Remember that the above still requires changing a flag in NFD's source code. You can wait for #4465 if you don't want to do that.

Which flag should I change?

In the GenericLinkService::Options constructor, you can change allowCongestionMarking to true.

Actions #9

Updated by Anonymous almost 7 years ago

Eric Newberry wrote:

In the GenericLinkService::Options constructor, you can change allowCongestionMarking to true.

Yeah, plus remember to do that for all involved hosts.

Actions #10

Updated by susmit shannigrahi almost 7 years ago

Looks like the performance peaks around 1MB at 1.4Gbps. See attached figure.
This is on the same machine (unix face).

$ ndncatchunks --aimd-initial-cwnd=100/200/300 --aimd-ignore-cong-marks /test > /dev/null

Actions #11

Updated by Davide Pesavento almost 7 years ago

why --aimd-ignore-cong-marks?

Actions #12

Updated by Anonymous almost 7 years ago

Davide Pesavento wrote:

why --aimd-ignore-cong-marks?

Yeah, using the congestion marks (removing the --aimd-ignore-cong-marks option) should give you an even higher performance.

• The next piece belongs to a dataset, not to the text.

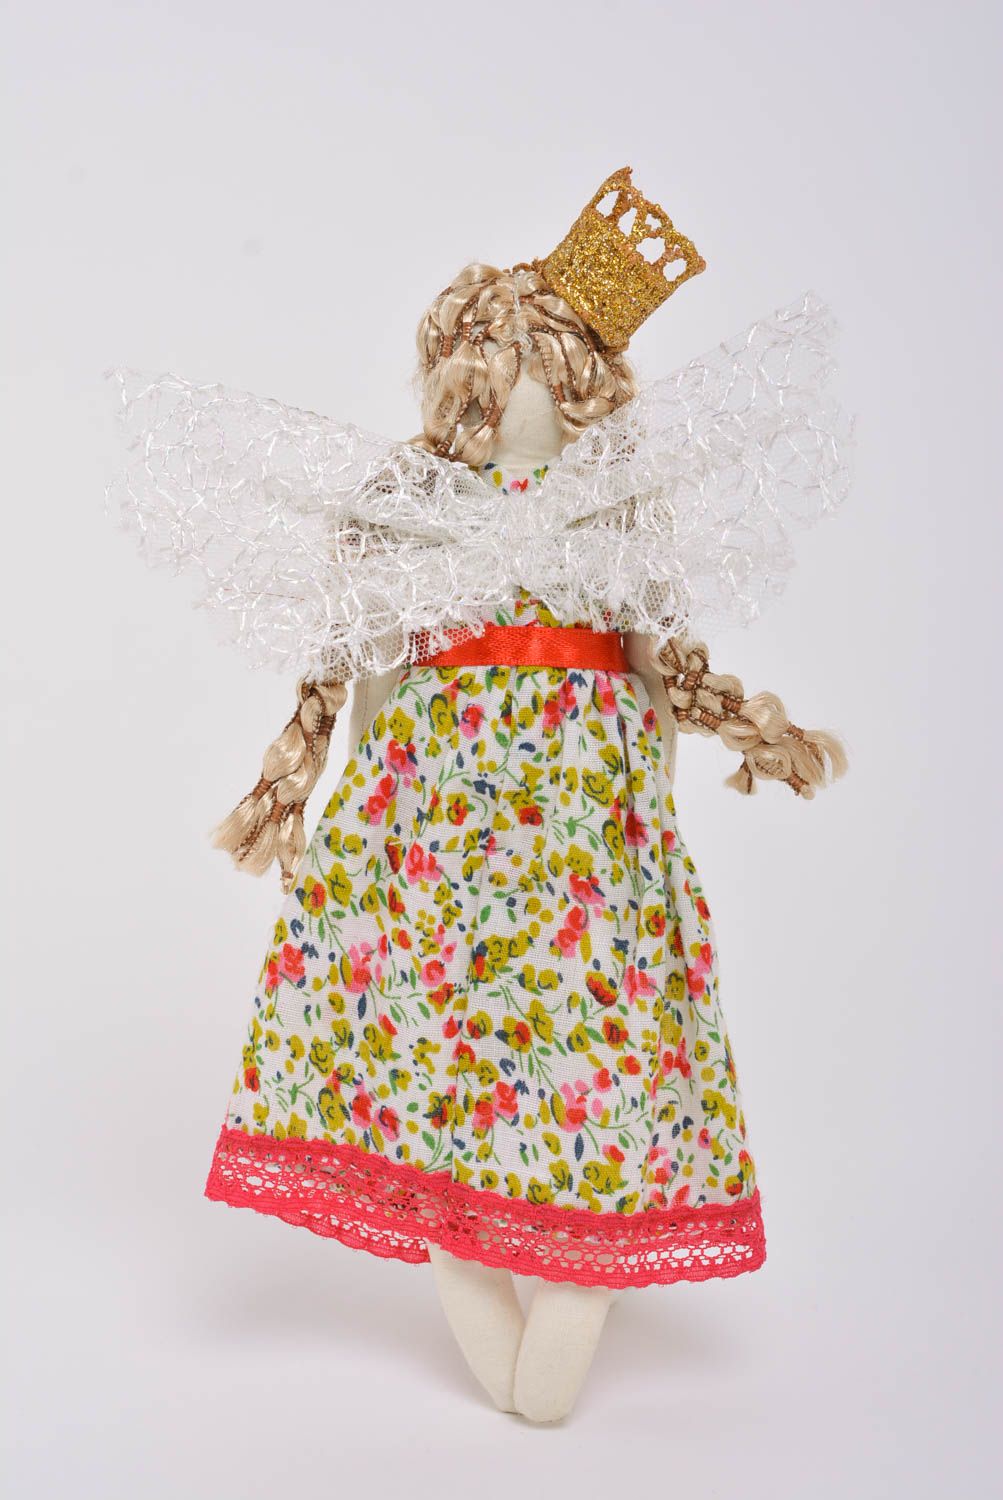 Мягкая игрушка королева из тканей ручной работы красивая авторская для дома фото 3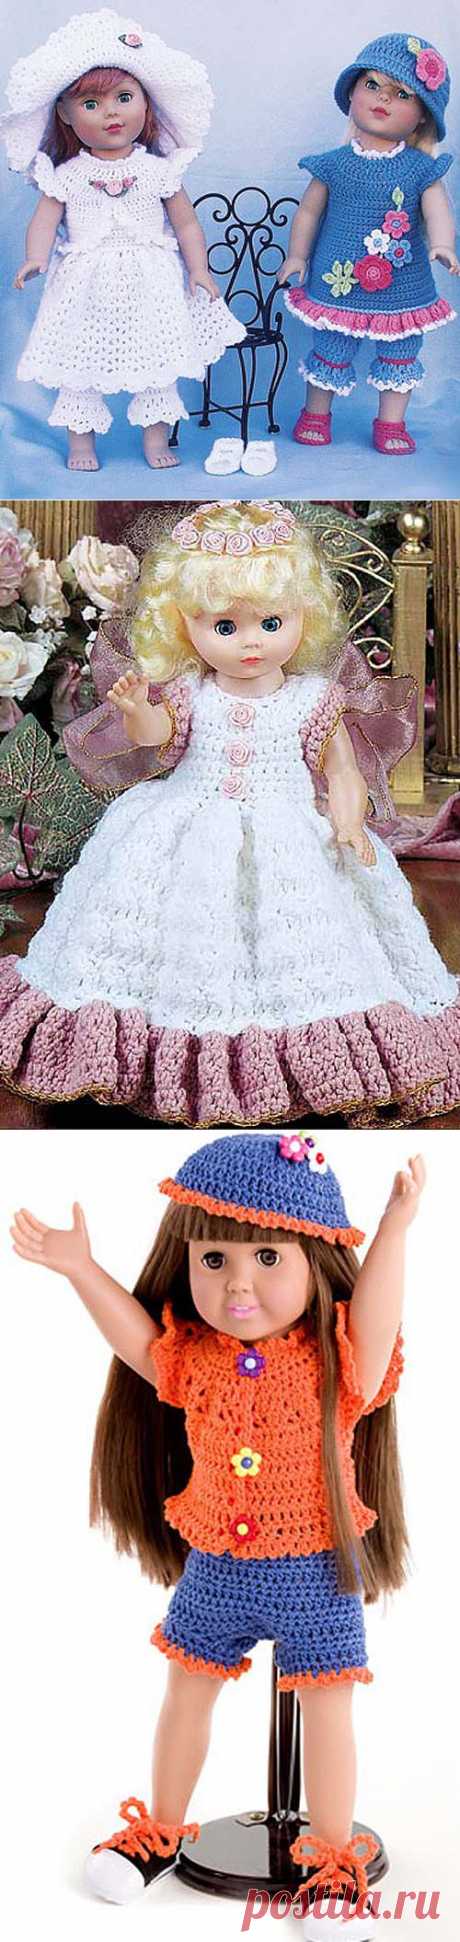 вязание для кукол схемы,вязание крючком одежда для кукол

Can you post the catchunks summary output? I'm especially interested in #retransmissions and RTT.

Actions #13

Updated by susmit shannigrahi almost 7 years ago

In the GenericLinkService::Options constructor, you can change allowCongestionMarking to true.

Thanks, Eric.
I noticed that you merged a change that incorporates the config file option. So this is no longer need, right?

Actions #14

Updated by Eric Newberry almost 7 years ago

susmit shannigrahi wrote:

In the GenericLinkService::Options constructor, you can change allowCongestionMarking to true.

Thanks, Eric.
I noticed that you merged a change that incorporates the config file option. So this is no longer need, right?

Correct. We're planning to add this to management soon as well.